Curlicues

12 Feb

The jigsaw was too loud for Gregory to hear the doorbell, the knock, or the pounding, but when he finished the last set of curlicues he glanced up to the monitor to see a young woman at the door holding a brown paper bag. He switched off the saw and the whirring slow-hummed to a stop. He snatched his cigar from the edge of a sawhorse as he started through the house, taking a puff and blowing out the smoke before opening the front door.

Teresa waved her hand in front of her face and winced a little, but tried to act unaffected as she caught the smell of cigar smoke mixed with sawdust. She couldn’t hide looking a little glum. “Canton Dragon?”

“That’s me!” he said.

“Fried rice, spring rolls, cashew shrimp and a Pepsi,” she said, “eighteen fifty eight.”

Gregory reached into his pocket and pulled out his wallet, then fingered through some bills and handed her a twenty.

“What’s gotcha down?” he said.

“Oh my friends’ new band is at this club and everybody’s going and I didn’t say anything soon enough so I’m the one working.”

“I thought restaurant people always wanted Saturday nights.”

“We usually do. I’m sorry. I shouldn’t complain to the customers. I’m sorry.”

“Here then,” he said pulling out a ten to add to the sum as he took the bag, “Night’s not a total loss.”

“Wow, thank you!” she said suspending motion a moment, “Are you sure?
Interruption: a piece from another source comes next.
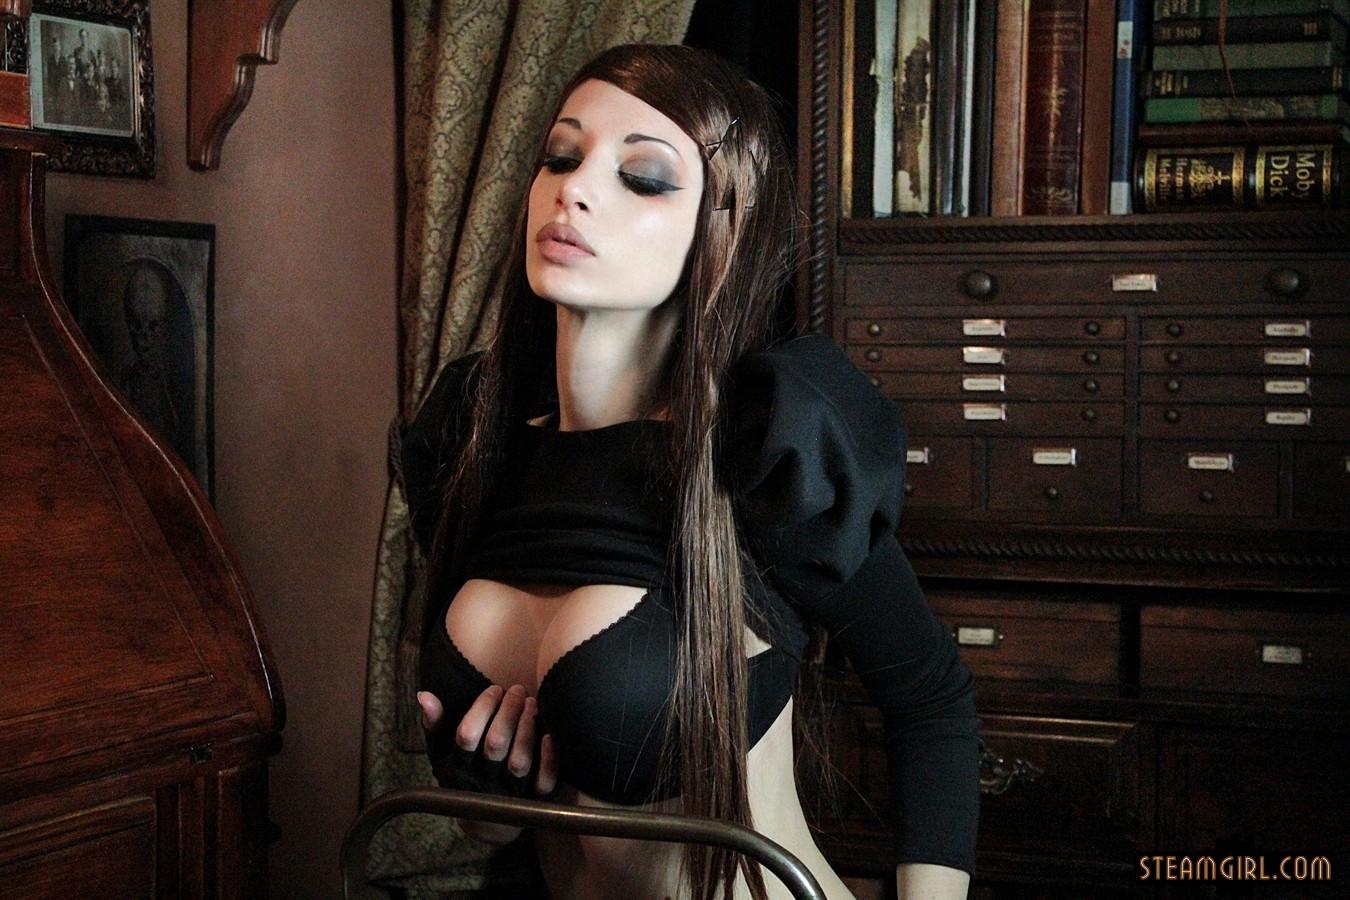 Wallpaper steampunk steam girl kato lambert darkness - Steamgirl download ...

I wasn’t trying to–?”

He waved her off and she backed and turned away walking. Short of closing the door he called after her,  “Sometimes you don’t fight for something and you get something good anyway. Just remember that. They’ll play again and you’ll have a few bucks in your pocket.”

“I hope.”

“Nothing’s an end in itself, you’ll get more chances,” he said with a wave, looking down with a smile, closing the door.

He served himself up a plate, put the containers in the refrigerator and went into the workshop to eat while contemplating the chair he was crafting. It was all put together except for the backrest which he was carefully carving with curlicues. “Curlicues,” he muttered prodding through the shrimp to pick out cashews. “Ma baby loves the curlicues…”

She would be home in three more days. The chair would be waiting for her in the living room, polished smooth and inviting. He imagined her relaxing in it, reading a book, listening to music, talking with him about the road. She’d tell about the triumphs, keep the spin upbeat. He’d avoid lines of questioning that turned toward the  the dreams she once had for herself because now they’d just just stiffen her spirit, but he’d listen to the melody in her storytelling, his reactions cutting a fine line, carefully coiling his end of the conversation hoping she would recognize she was marvelous beyond her vocation. He hoped she would hear her own voice the way he heard it, like honey and velvet, riot and outrage, soul and simmer and sexuality.

As usual she’d leave the tedium out of the tales, avoid the subject of whether the price was worth the cost of long absences from home and distance from where she wanted to be. She’d minimize the long drives, the bad motels, the cramped van, the drunk audiences, the deaf sound mixers and the slightly sour feeling she’d get looking out on the crowd to realize most of them weren’t even listening, too young to appreciate a Heart tribute band.